(Task details):
The whole listing below must be repeated exactly.

(Stored data):
======
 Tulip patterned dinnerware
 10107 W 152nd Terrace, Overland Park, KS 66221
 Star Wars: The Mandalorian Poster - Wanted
======
(Solved problem):
 Tulip patterned dinnerware
 10107 W 152nd Terrace, Overland Park, KS 66221
 Star Wars: The Mandalorian Poster - Wanted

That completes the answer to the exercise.